Task goal: Go to the line holding "Der Flaschenstopfen fehlt." in the entries below and write out exactly every line down to and including the line holding "Guter Vintage-Zustand, Abnutzung und".
Records to process Start Marker
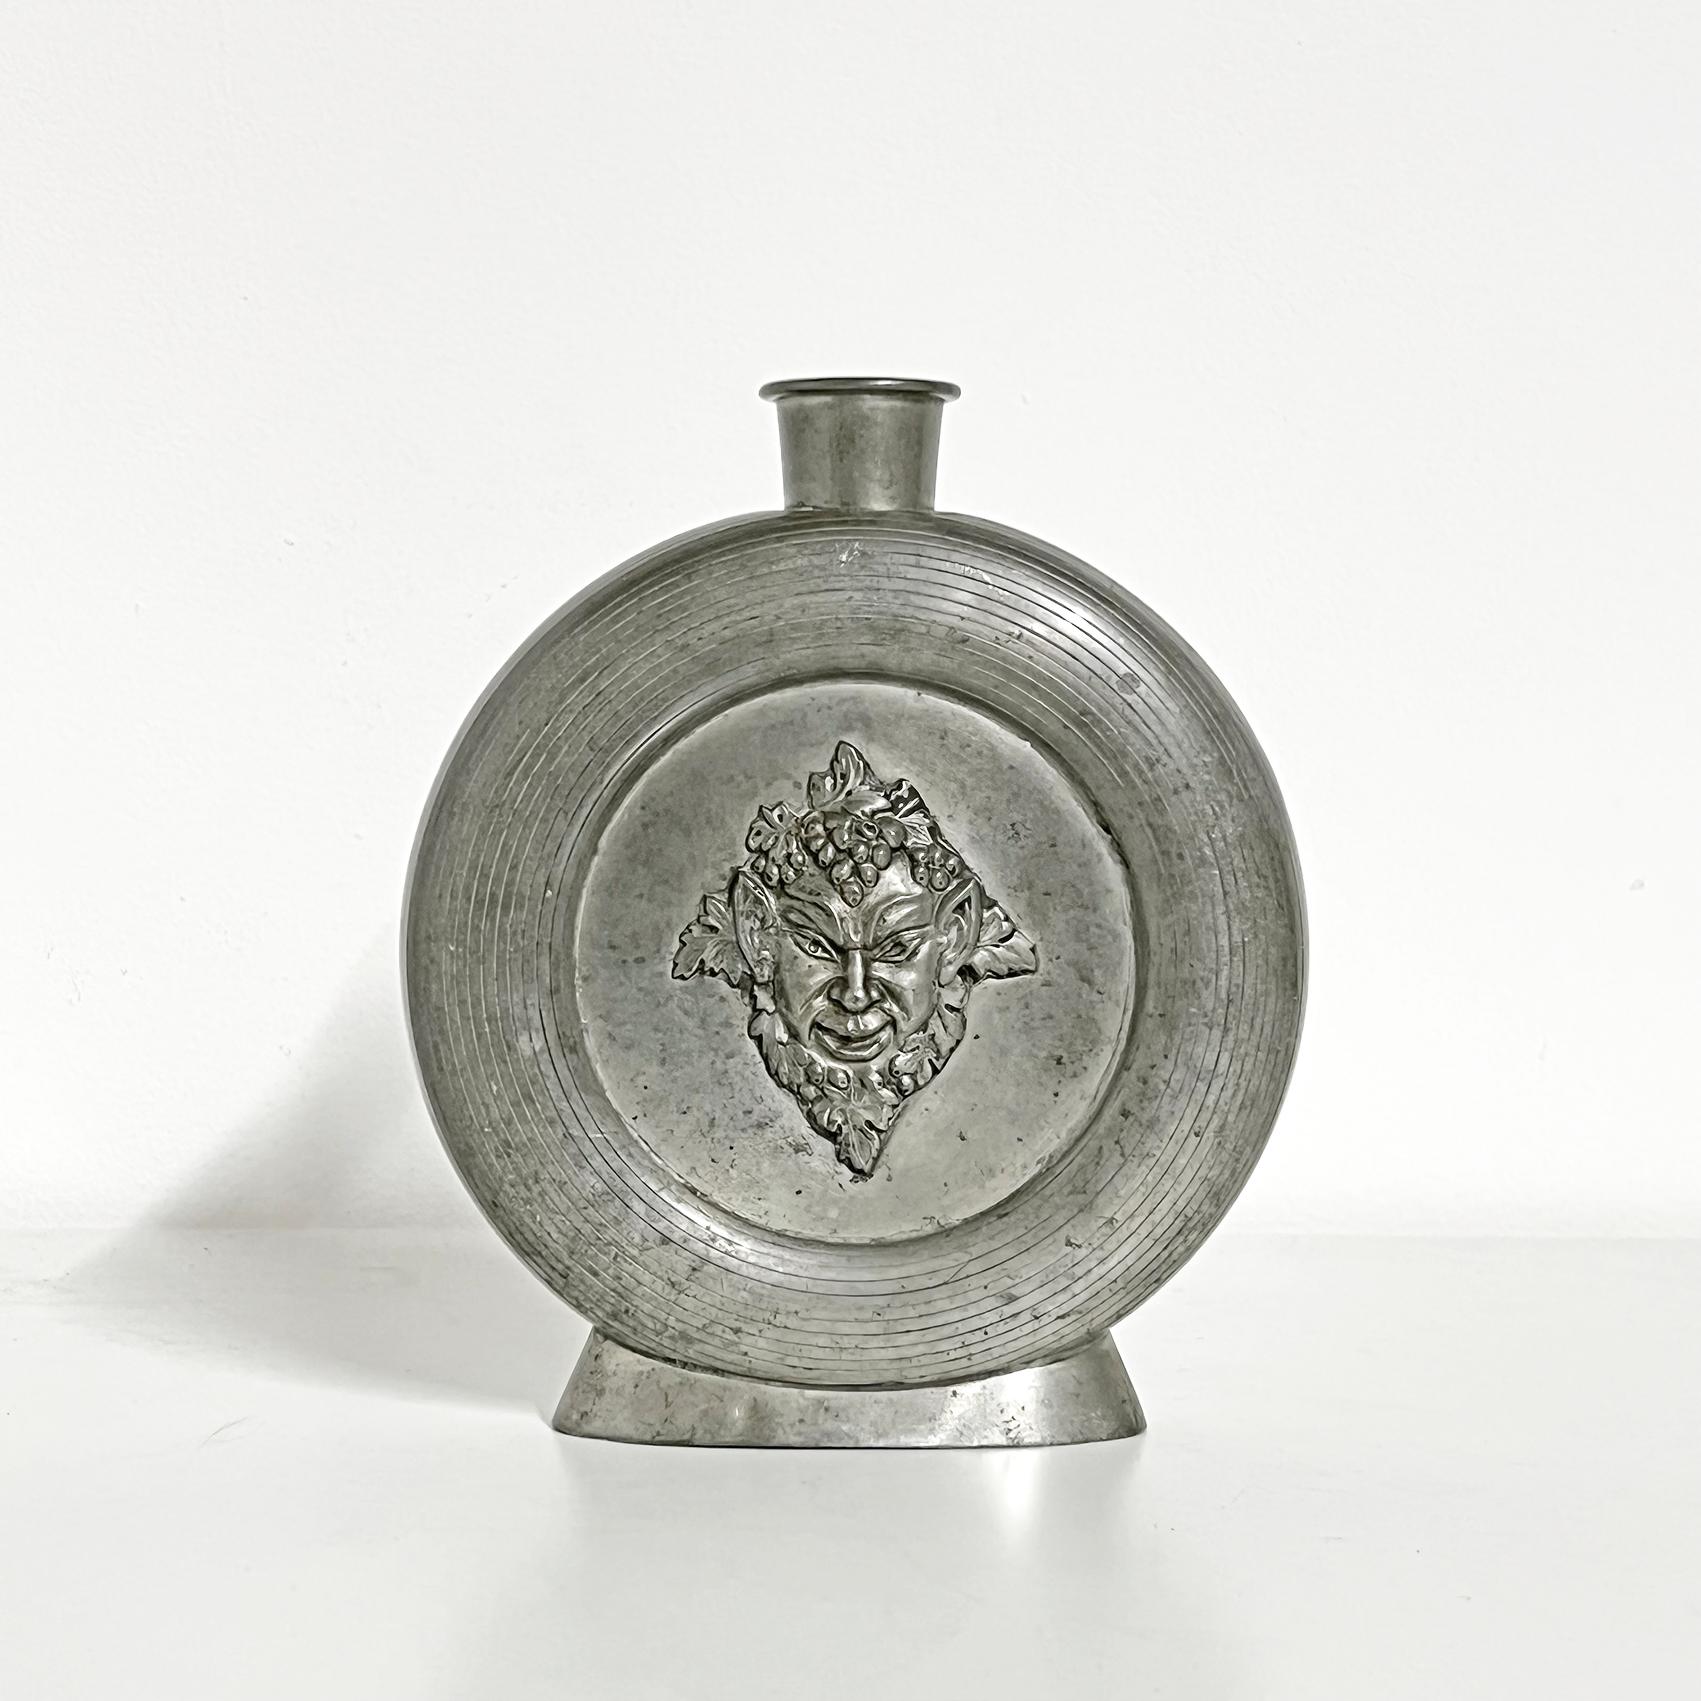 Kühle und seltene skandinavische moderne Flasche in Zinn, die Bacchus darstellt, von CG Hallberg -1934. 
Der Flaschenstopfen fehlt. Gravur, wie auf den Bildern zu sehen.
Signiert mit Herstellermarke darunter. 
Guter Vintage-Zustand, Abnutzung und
Records to process End Marker
Records to process Start Marker
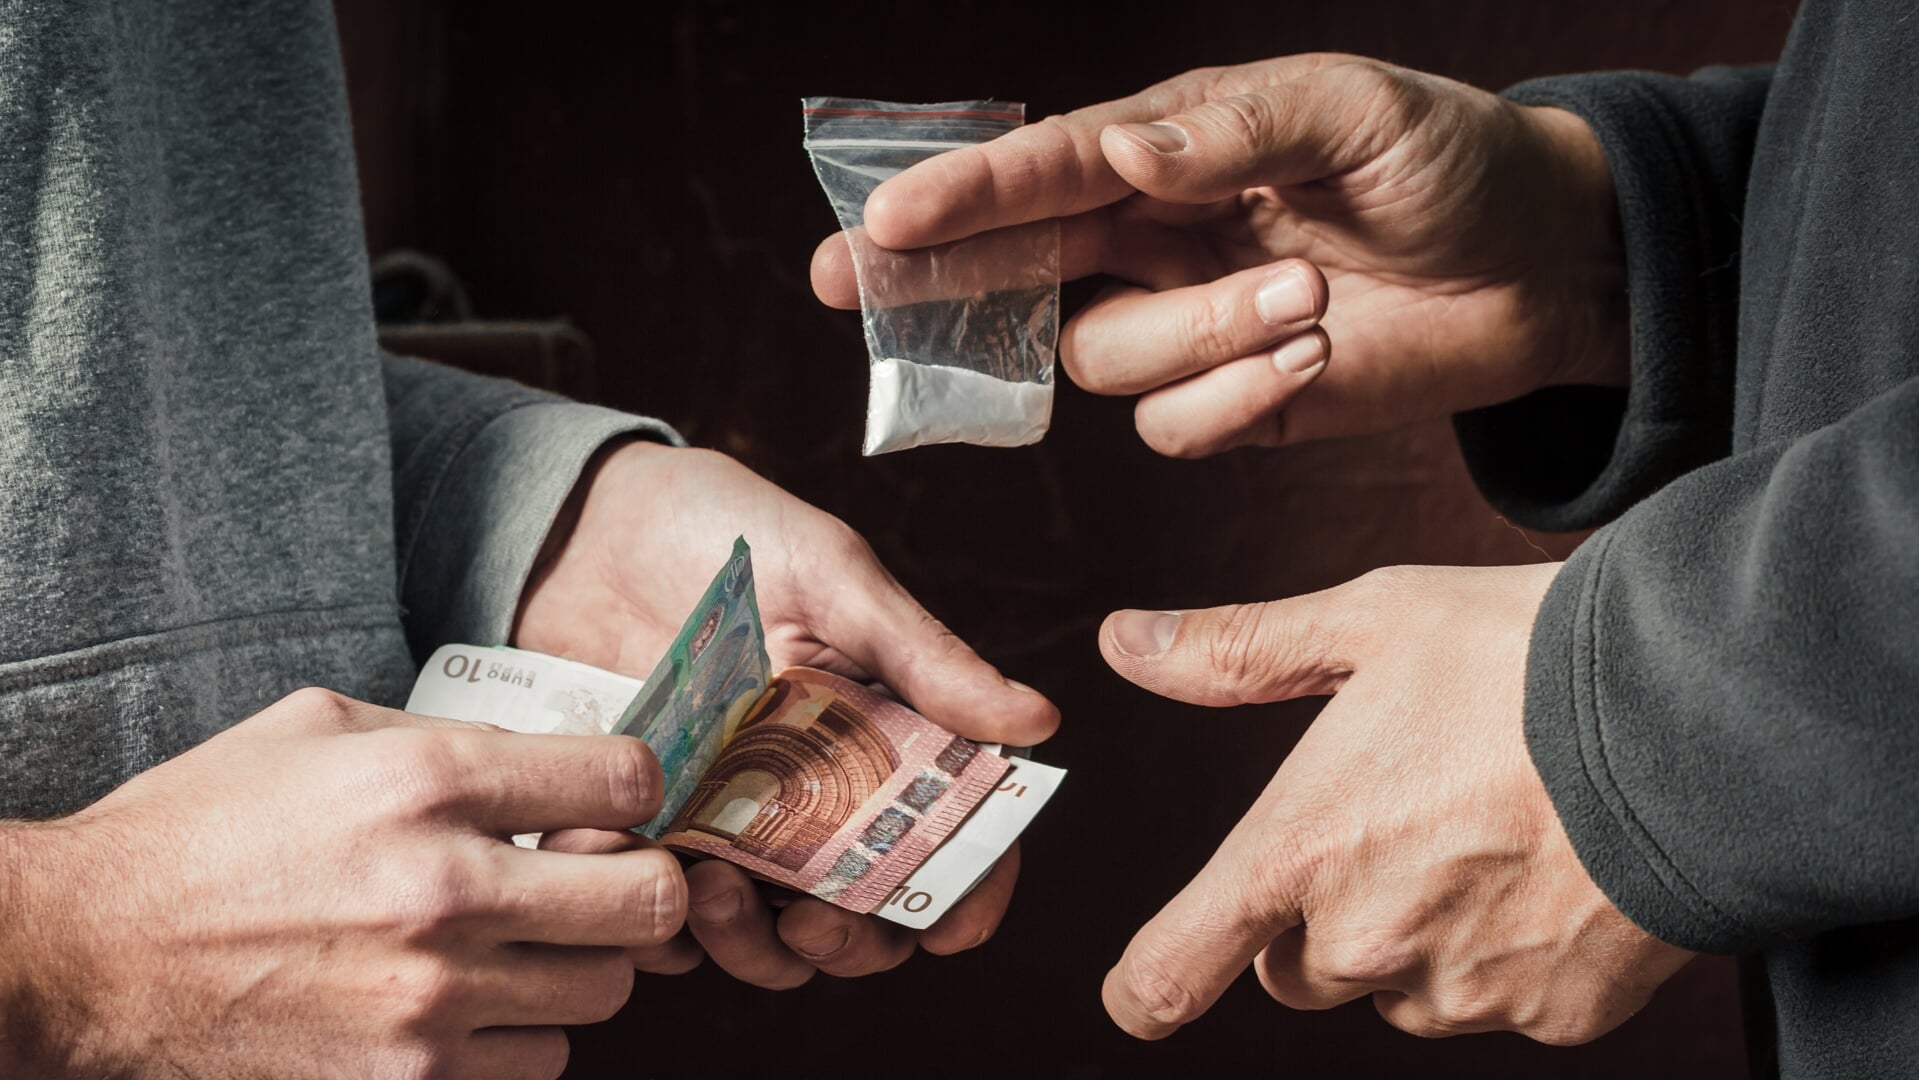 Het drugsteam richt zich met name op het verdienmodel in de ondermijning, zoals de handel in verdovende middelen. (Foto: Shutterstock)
Records to process End Marker
Output below:
Der Flaschenstopfen fehlt. Gravur, wie auf den Bildern zu sehen.
Signiert mit Herstellermarke darunter. 
Guter Vintage-Zustand, Abnutzung und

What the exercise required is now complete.